“But more significantly, we carry values and beliefs and news to the places we go, and in many parts of the world, we become walking video screens and living newspapers and daily channels that can take people out of the censored limits of their home lands…Not the least of the challenges of travel, therefore, is learning how to import – and export – dreams with tenderness.” – Pico Iyer, “Why We Travel”
This quote from an Iyer piece portrays that two-way exchange inherent in simply being exposed to a foreign culture. I wish I had kept this in mind when I was working with my good friend Saad during English lessons at the Health Center last week. Saad’s English is quite good, and, having finished the worksheets with lots of time to spare, we had veered into topics of conversation such as seasons and weather. After explaining to him just how cold it gets in Idaho (“yes, far below 0 degrees Celsius!” to which he replied, “I think I would die!”), I began describing my home, and I drew a map of Washington and Idaho, one I have drawn several times here to show people where we all go to school in relation to where I am from, where my family lives. I drew a line from Moscow to Bellingham and told him that it takes seven hours by car to travel the distance. “Ah!” he exclaimed, “Seven hours!” He tsk tsk-ed in disbelief, and I rode that wave of his intrigue and indicated the distance from Idaho to Wisconsin: “And way over here, we visit my grandparents here each summer. It takes three days by train!”

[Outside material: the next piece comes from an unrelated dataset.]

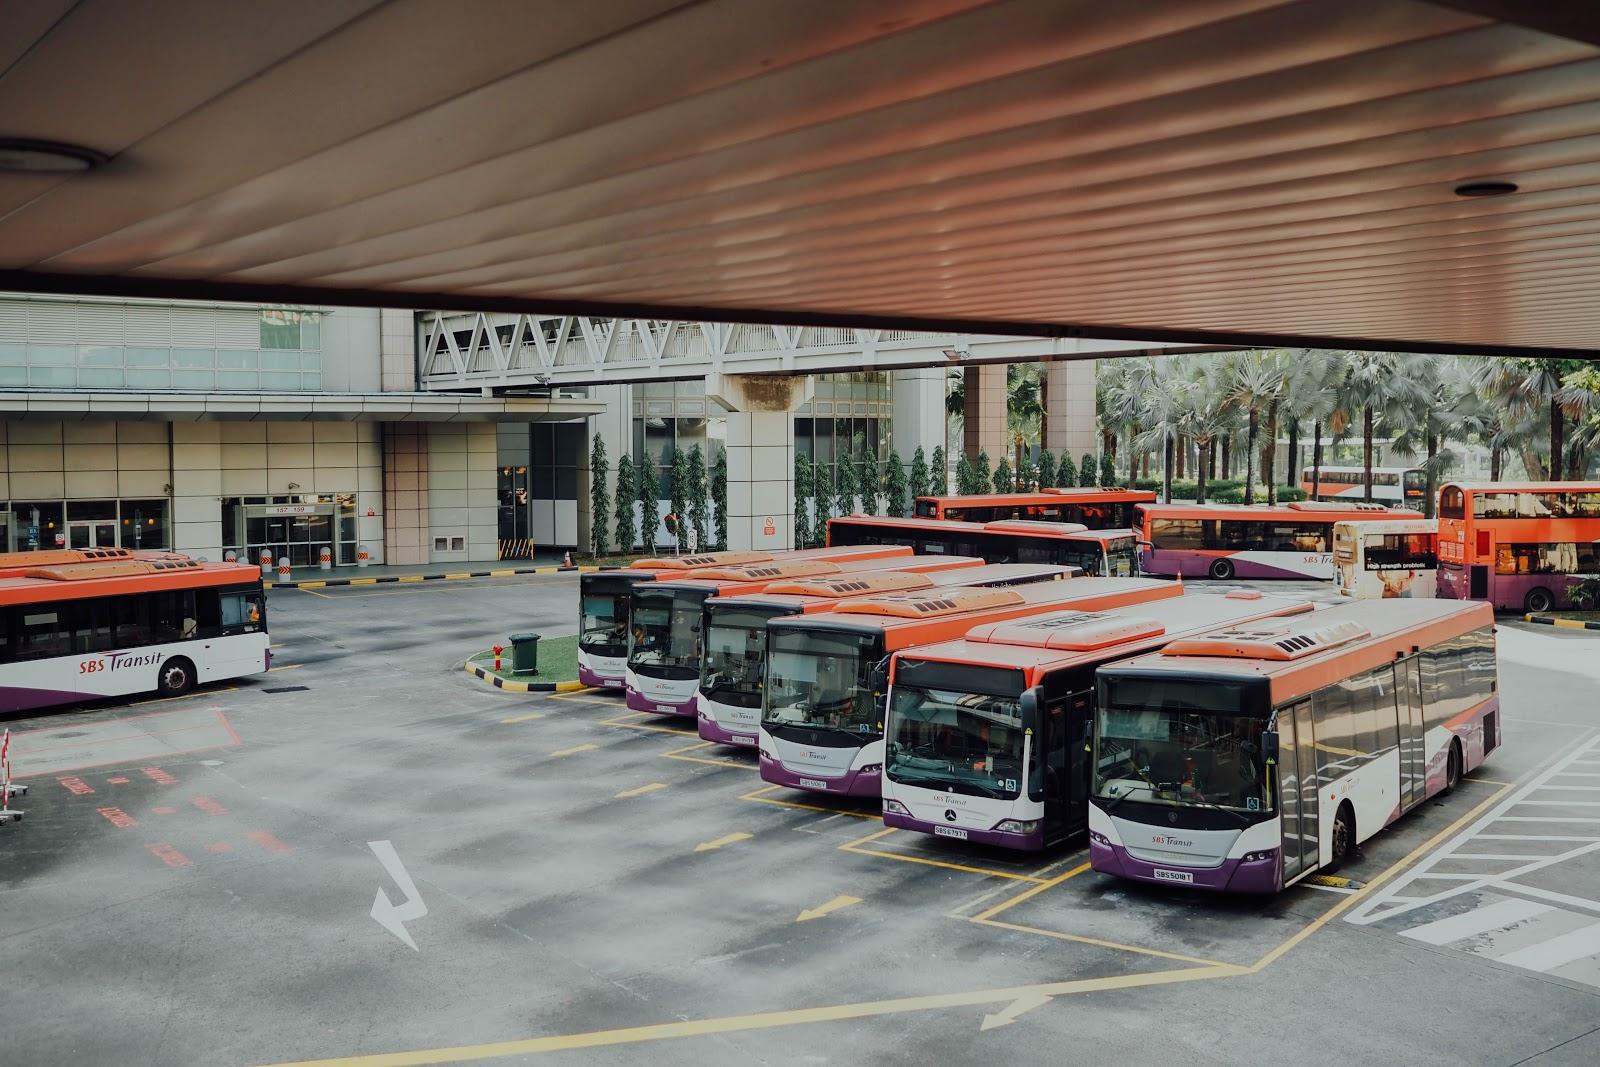 Transit company photo

And then Saad said, “I think that must be very expensive.” And then, he added something along the lines of, “I would like that so much. It is what I call a dream for me to go there, to go to America."
I immediately felt warmth in my face and mentally slapped myself. I am even embarrassed to write about this conversation now. It’s not like I have to shield people from my privilege – it is an understatement to say that the differences in our lifestyles are blatant. Of course it is well known that I can afford many things that Saad cannot. But the fact that I raved about my home and my annual summer trip across the country made it sound so exciting and luxurious, I just felt so stupid for doing that! We then began discussing poverty in the United States and I made sure to mention how many people certainly cannot afford to travel like that. But, as true as that is, it just seemed like a sad attempt at compensating for my mindless rambling, for glorifying my privilege.

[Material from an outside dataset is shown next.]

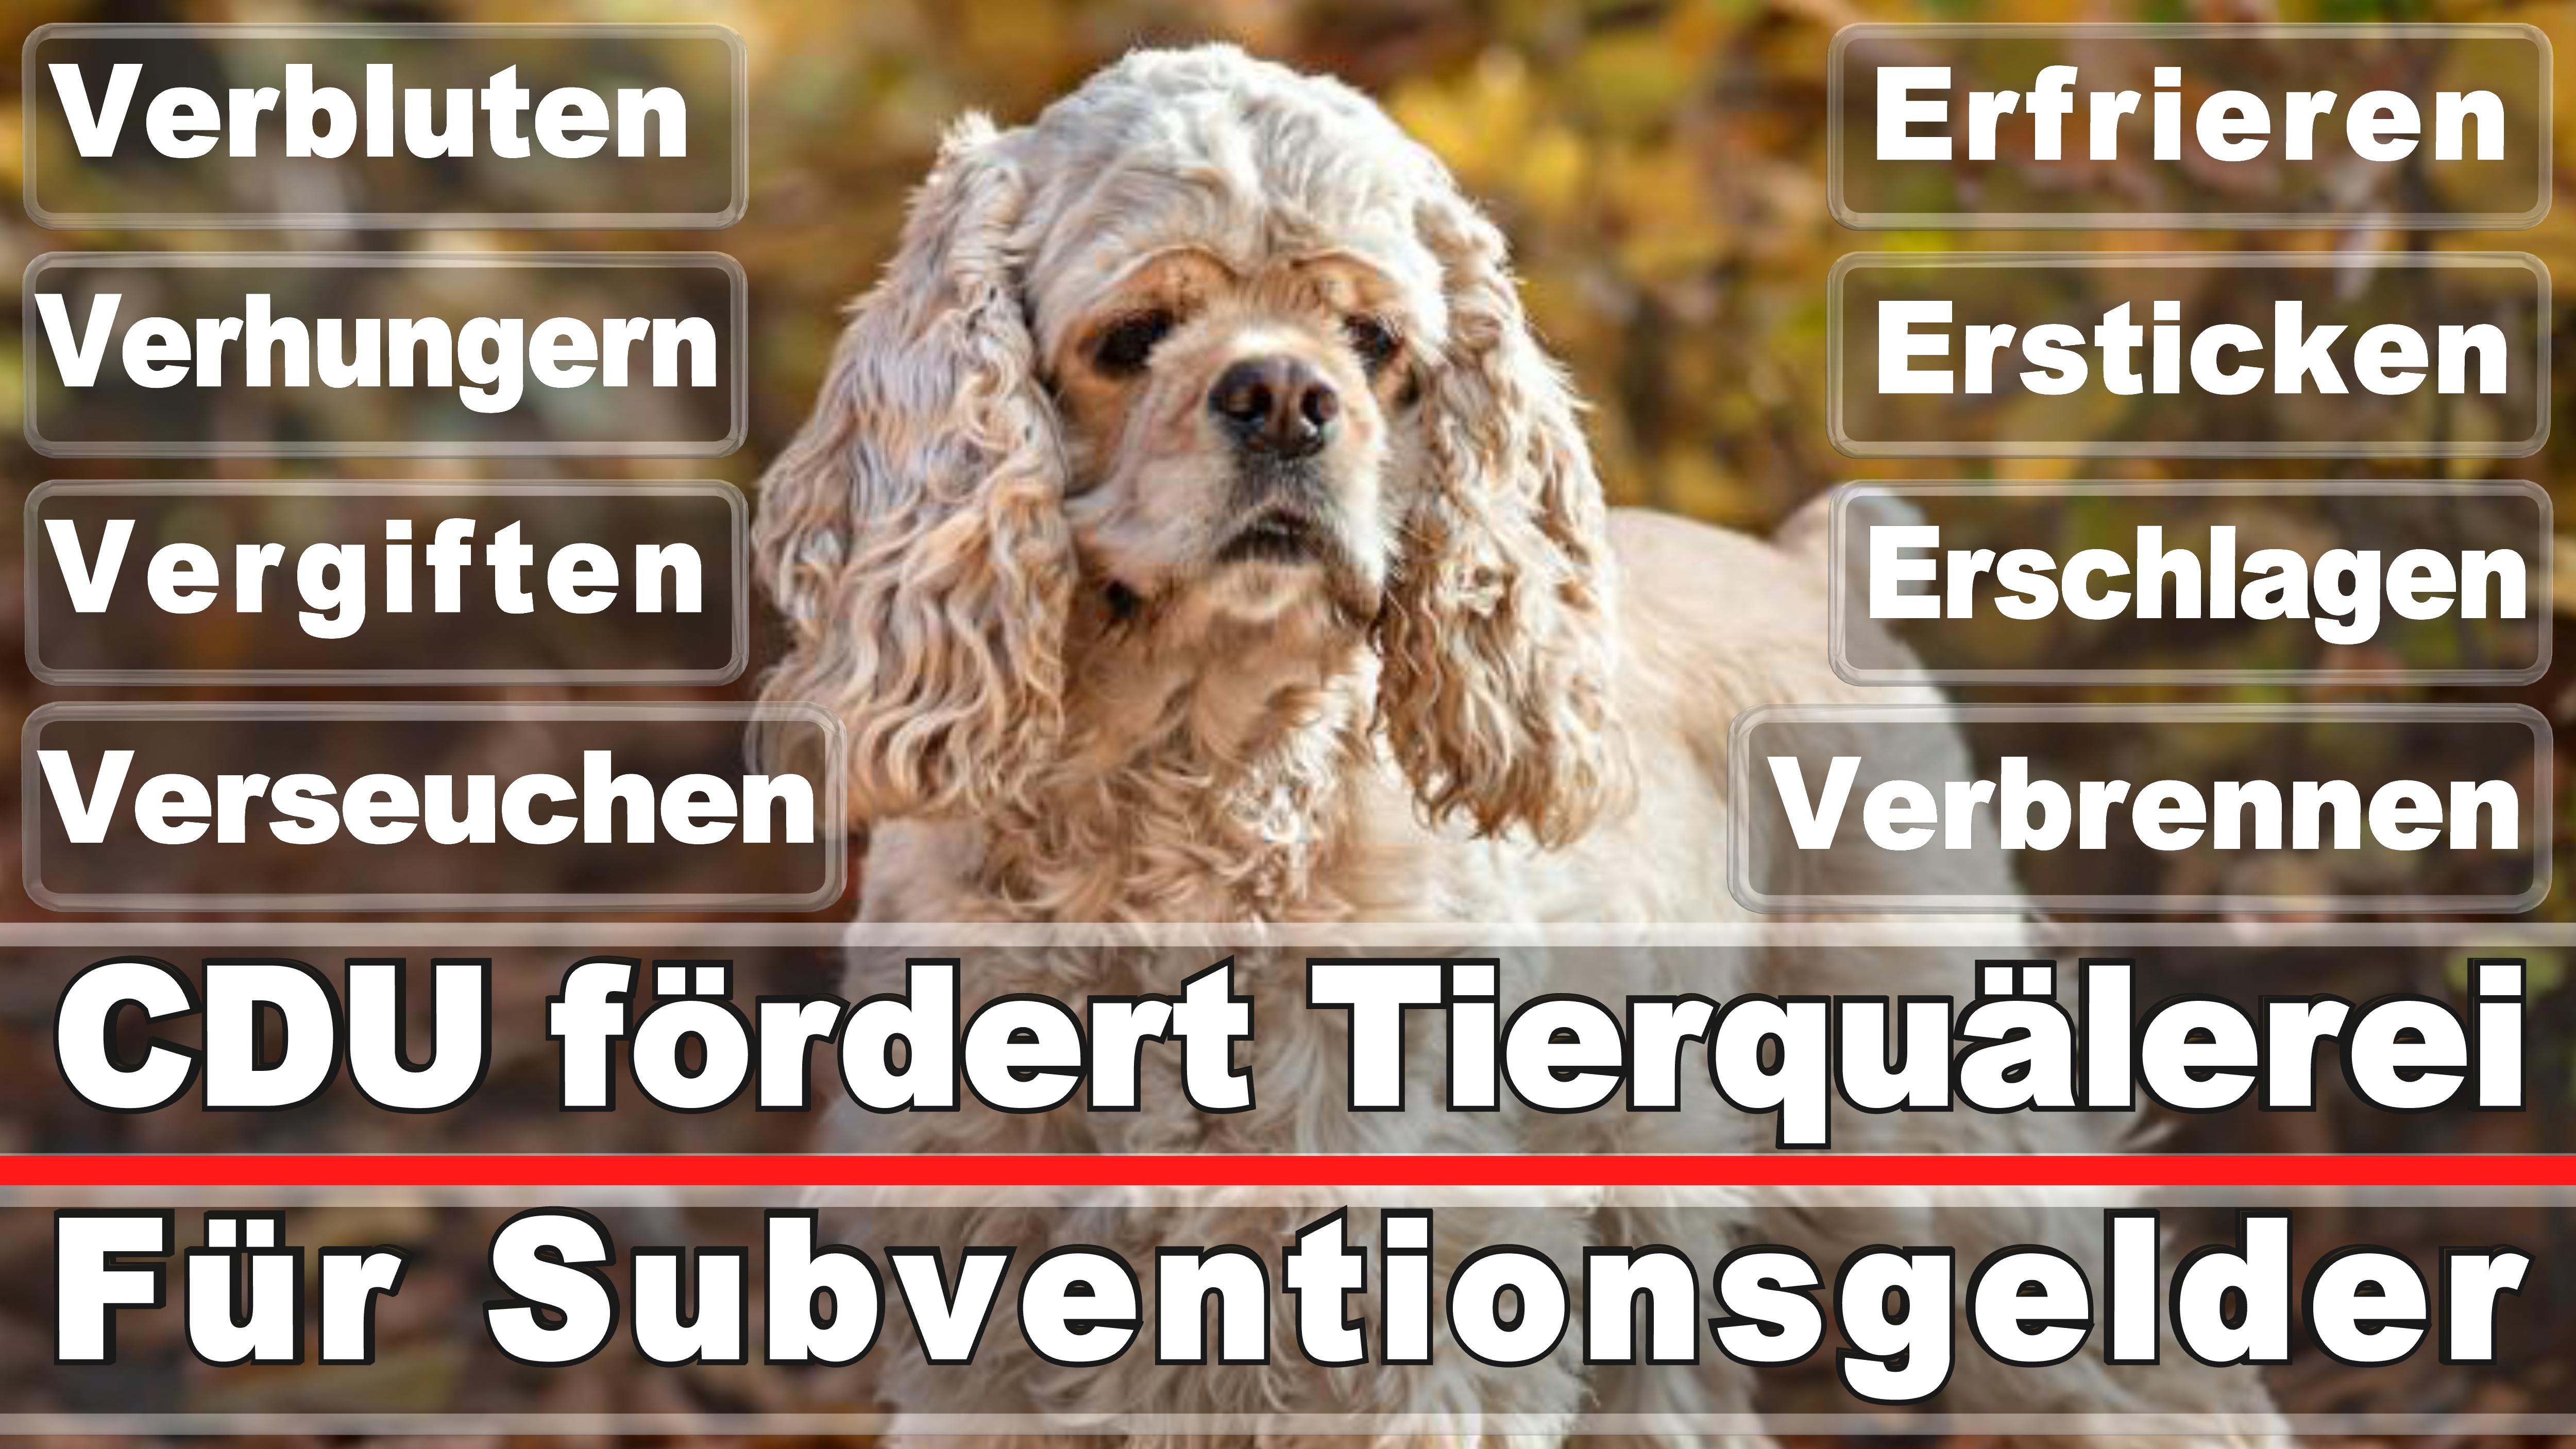 Landtagswahl-Bundestagswahl-CDU-SPD-FDP-AFD-Linke-Piraten-Tierschutzpartei (37)

Although I don’t necessarily like how we who travel – the privileged – are described as “importers of dreams” (who says my lifestyle is so desirable to be a part of everyone else’s dreams?), I do understand exactly what Iyer means by striving to be tender. To be tender, in this case, is to be mindful. Everyone does dream of bettering their lives, and if I were to describe my life back home as being only wonderful and carefree, I would just perpetuate the myth that everyone’s life would be better if they moved to America, thus strengthening those desires and dreams that come from the media and interactions with other amuzungu.
Not a proud moment for me, but a great lesson in mindfulness. Thanks, Pico, for that poetic reminder.